Forscher tüfteln an Bewegungspille

Sport ist gesund, das weiß jeder. Forscher möchten eine Pille entwickeln, die zumindest teilweise die Wirkung von Bewegung hat. Sie haben vor allem Menschen im Auge, die sich nicht bewegen können. Für alle anderen ist Bewegung und Sport besser als irgendeine Tablette.

 

 

Medikamente könnten Bewegung simulieren

 

Bewegung beeinflusst den Stoffwechsel, das Herzkreislaufsystem, das Gehirn und die Leber positiv. Auch die Gesundheit von Muskeln und Knochen sind von Bewegung abhängig. Forscher verstehen immer besser, welche molekularen Mechanismen hinter der verbesserten Funktion des Körpers durch Sport stecken.

 

Verschiedene Laboratorien machten sich deshalb daran, eine "Bewegungspille" zu entwickeln, mit der ähnlich positive Auswirkungen zu erzielen sind wie mit Bewegung. Sie testeten bereits Medikamente, die die Muskelzellen von Tieren ansteuern und die Muskelstärke und den Energieverbrauch verändern. Bislang ist Bewegung aber noch wirksamer als irgendeine Tablette.

 

 

Bewegung und Sport wertvoller als Medikamente

 

Zudem sind von körperlicher Bewegung mehr Vorteile zu erwarten, als dies mit einer Tablette je erreichbar wäre. Forscher untersuchten jetzt gegenwärtige Bemühungen zu einer "Bewegungspille", um einzuschätzen, ob solche Pillen in Zukunft therapeutisch eingesetzt werden könnten.

 

Tatsächlich halten sie das für möglich. Dies wären aber keine Medikamente, die Bewegung und Sport ersetzen sollten oder könnten. Bestimmte Patienten wie Rückenmarkverletzte, die gelähmt sind, könnten profitieren, da bei ihnen durch die fehlende Bewegung mit Gesundheitsstörungen zu rechnen ist.

 

Wichtig wäre, entwickelte Wirkstoffe hinsichtlich ihrer Nebenwirkungen genau zu untersuchen.
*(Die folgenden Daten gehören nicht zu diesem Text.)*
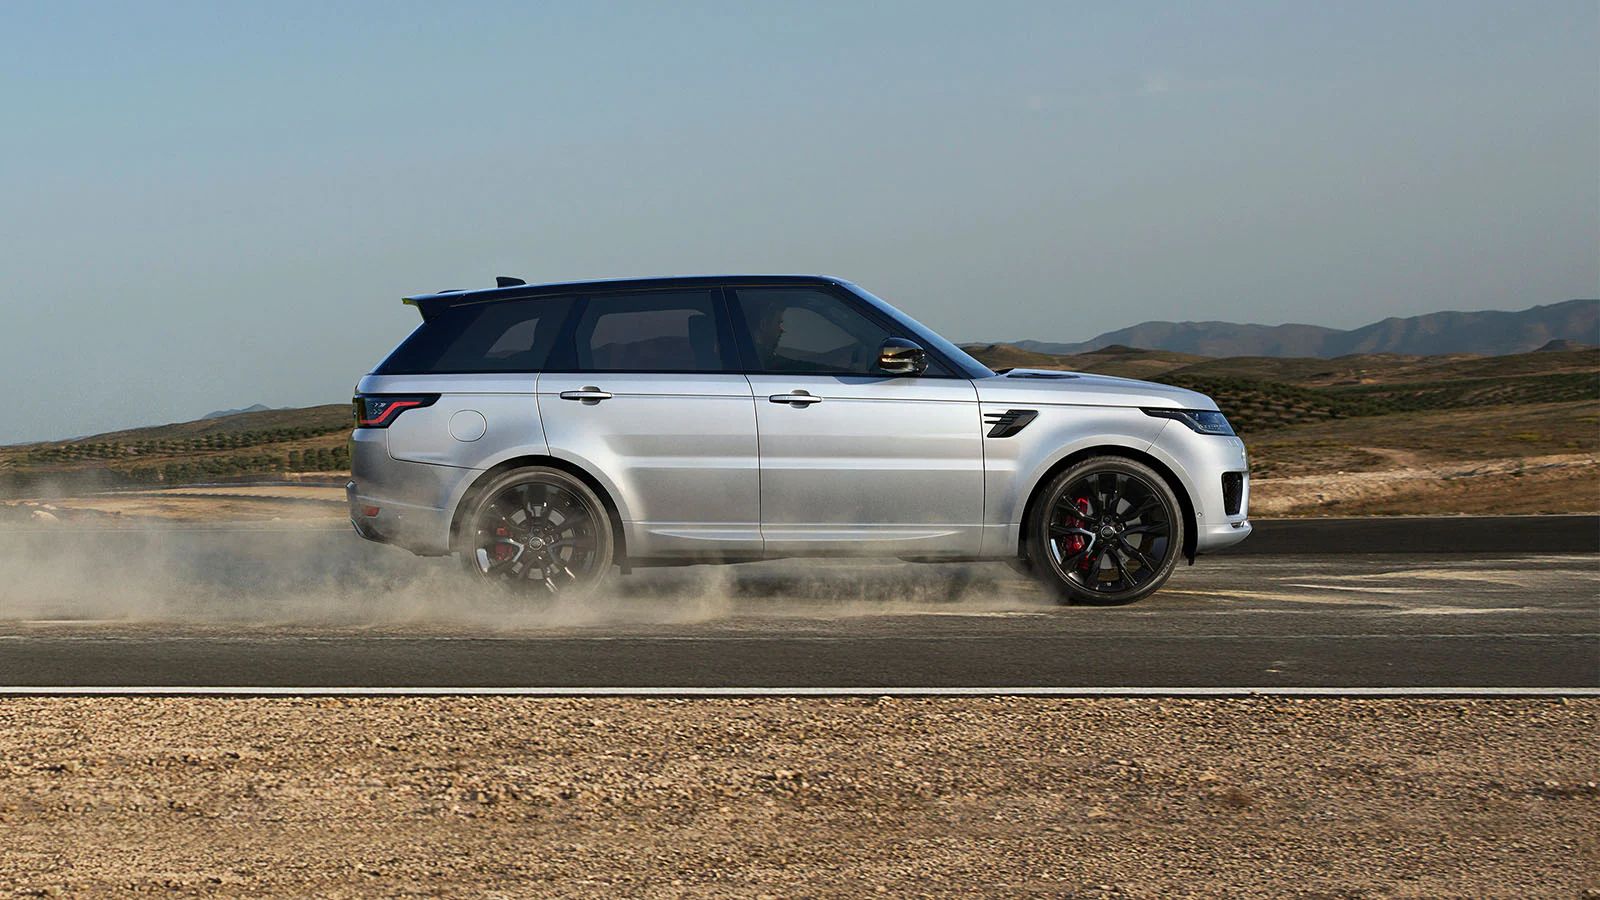 Silver Range Rover Sport side driving down dirt road
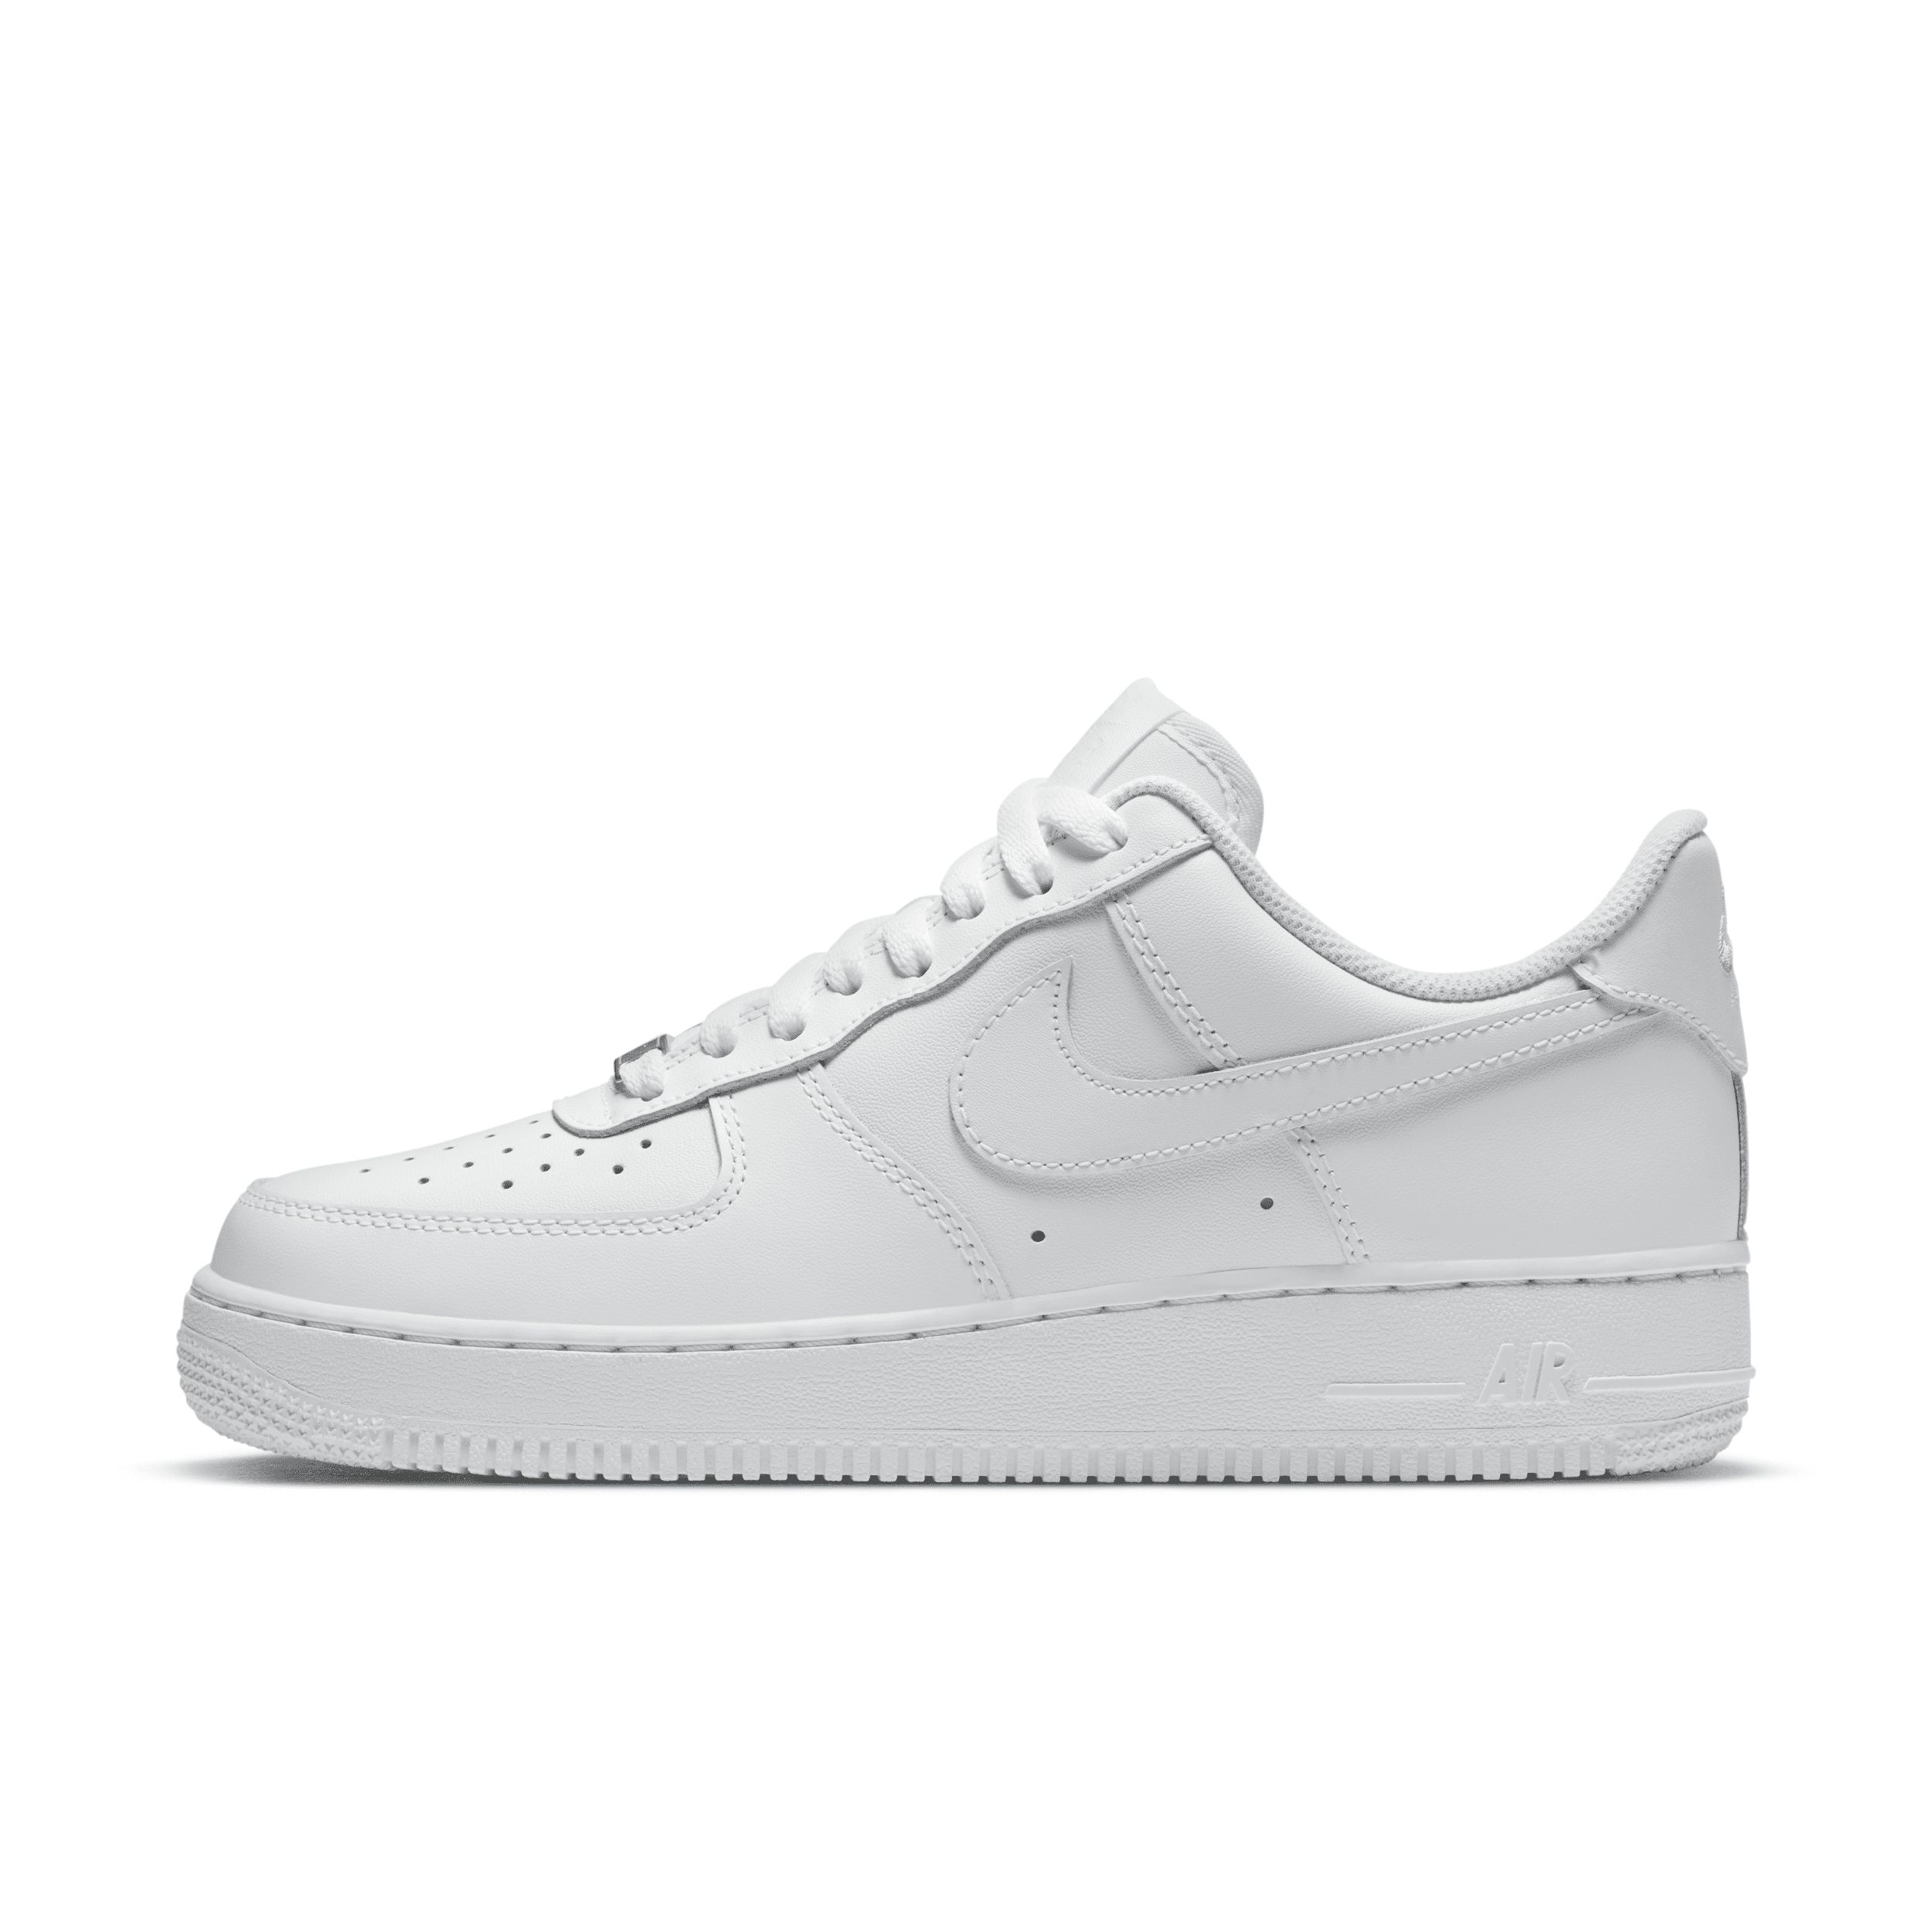 Nike Women's Air Force 1 '07 Shoes in White, Size: 9.5 | DD8959-100 | Nike (US)

Schützen müsste man solche Pillen möglicherweise auch vor Missbrauch. Die Forscher ziehen Vergleiche zum Doping. Noch steckt die Forschung zur Bewegungspille allerdings in den Kinderschuhen.

 

Ihre Untersuchung veröffentlichten die Wissenschaftler im Journal "Trends in Pharmacological Sciences".